## Exercise
Drop the images. Copy every line below character for character.

## Supplied data
=== Section Start ===

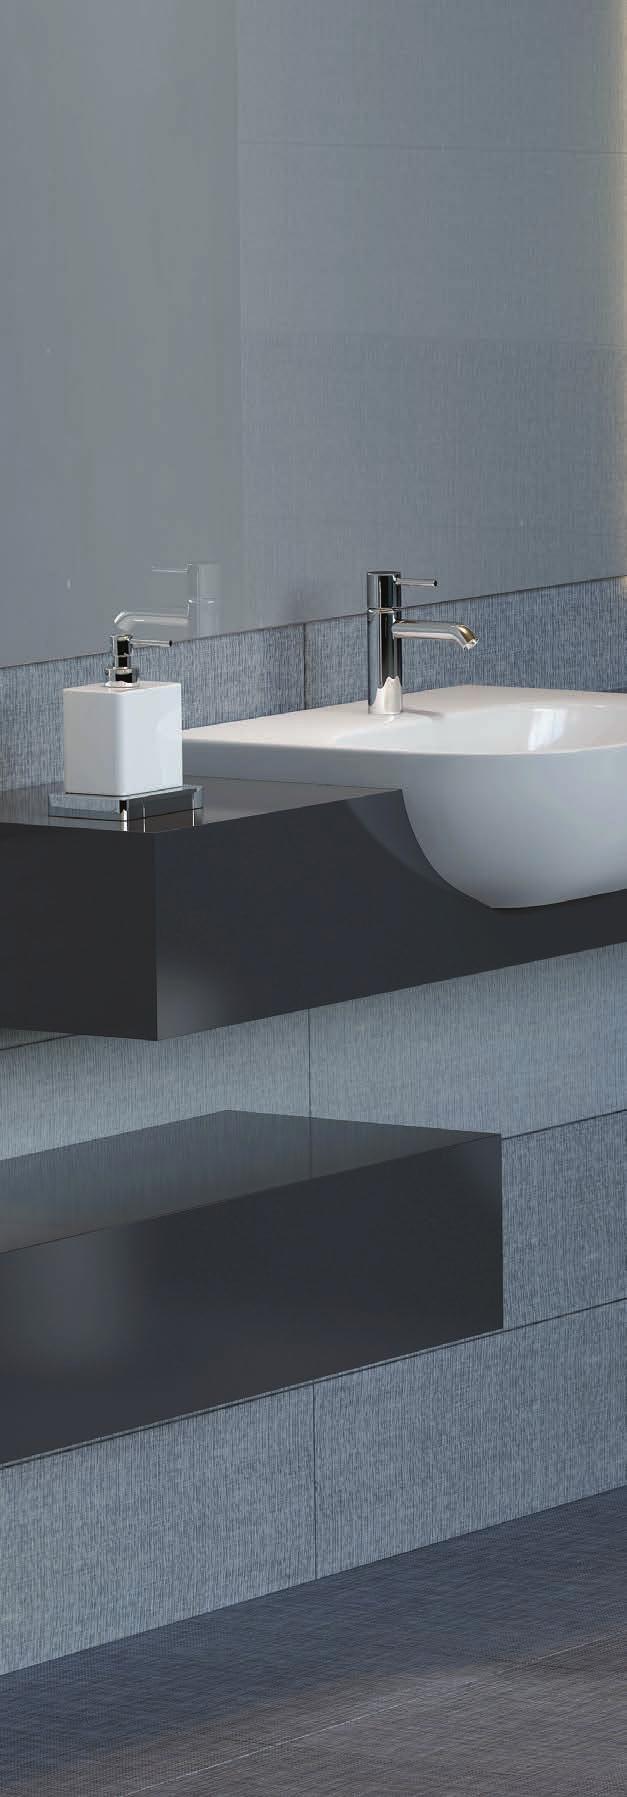 Our collection of ceramic toilets and basins from industry renowned brands such as Cerastyle, Cersanit and Kale, along with our very own exclusive Technique and Technique Plus brand, present an
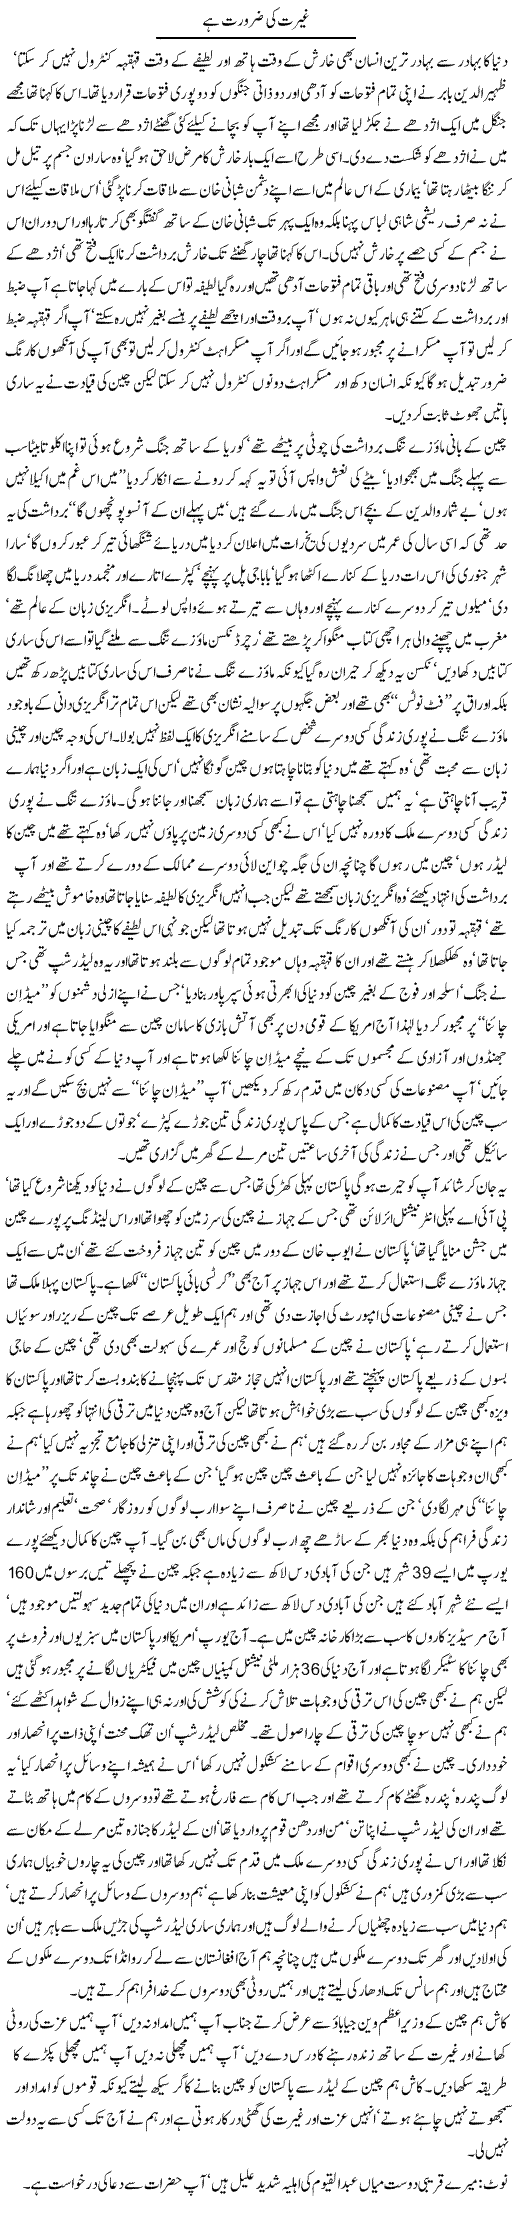 Need of Dignity Express Column Javed Chaudhry 21 December 2010
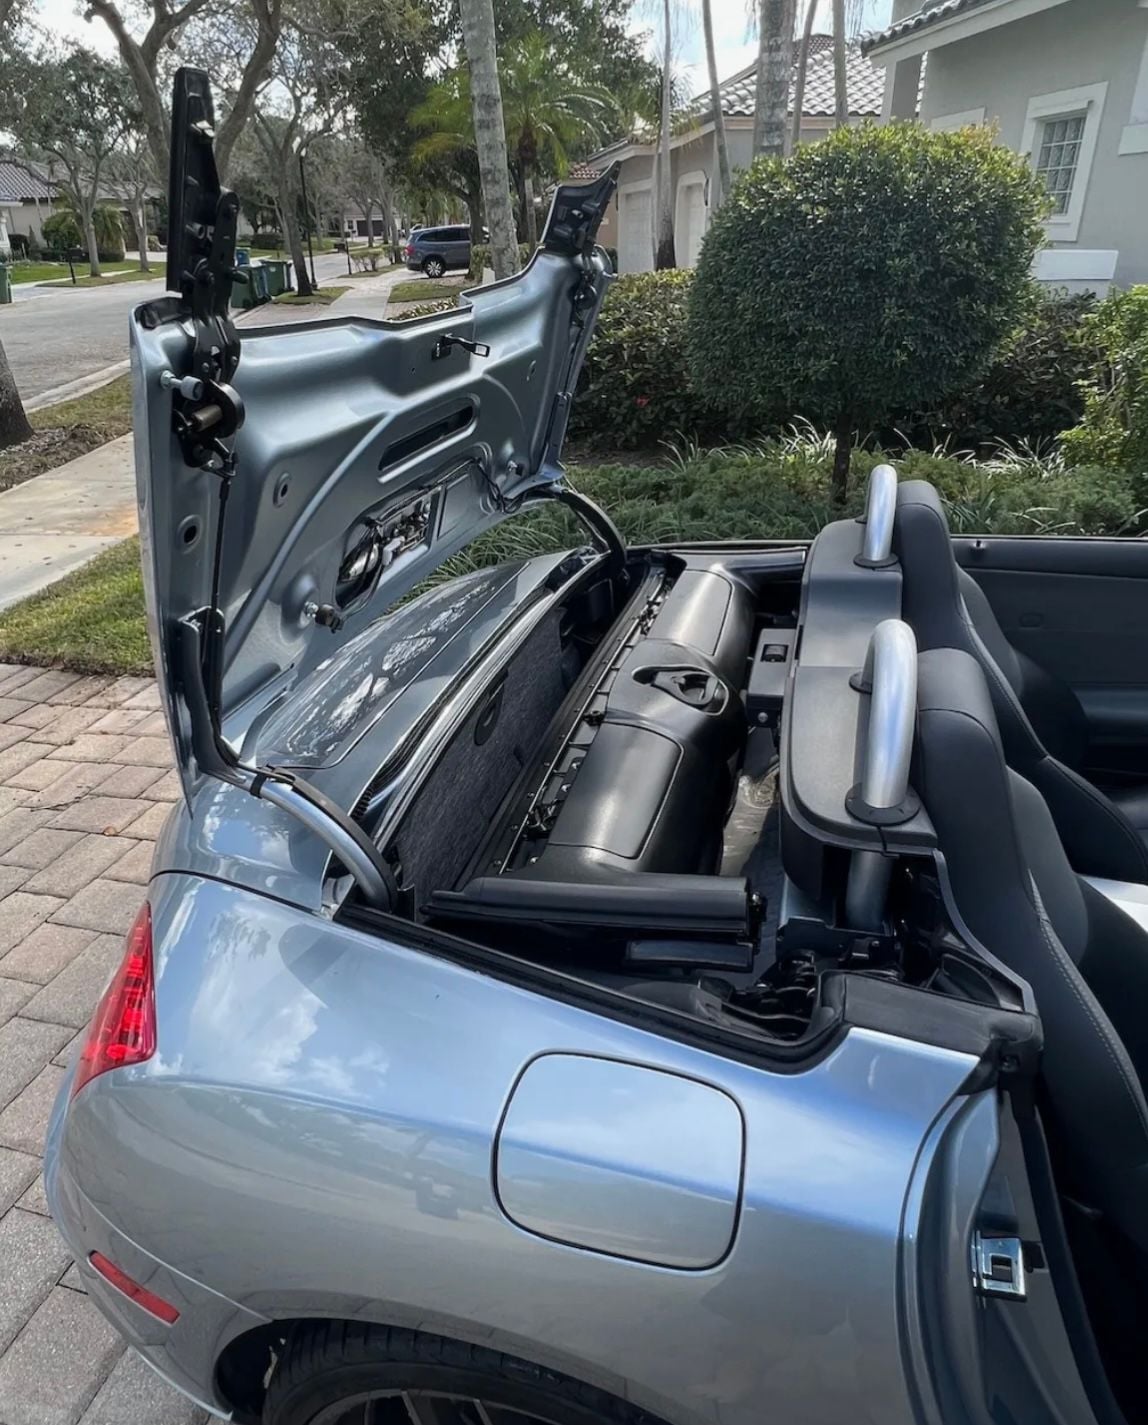 2005 Chrysler Crossfire - 2005 Crossfire Roadster; 10k MILES!!  6-speed manual - Used - VIN VIN 1C3AN65L65X03 - 6 cyl - 2WD - Manual - Convertible - Blue - Bonita Springs, FL 34135, United States

=== Section End ===

## Task result
 Our collection of ceramic toilets and basins from industry renowned brands such as Cerastyle, Cersanit and Kale, along with our very own exclusive Technique and Technique Plus brand, present an
 Need of Dignity Express Column Javed Chaudhry 21 December 2010
 2005 Chrysler Crossfire - 2005 Crossfire Roadster; 10k MILES!!  6-speed manual - Used - VIN VIN 1C3AN65L65X03 - 6 cyl - 2WD - Manual - Convertible - Blue - Bonita Springs, FL 34135, United States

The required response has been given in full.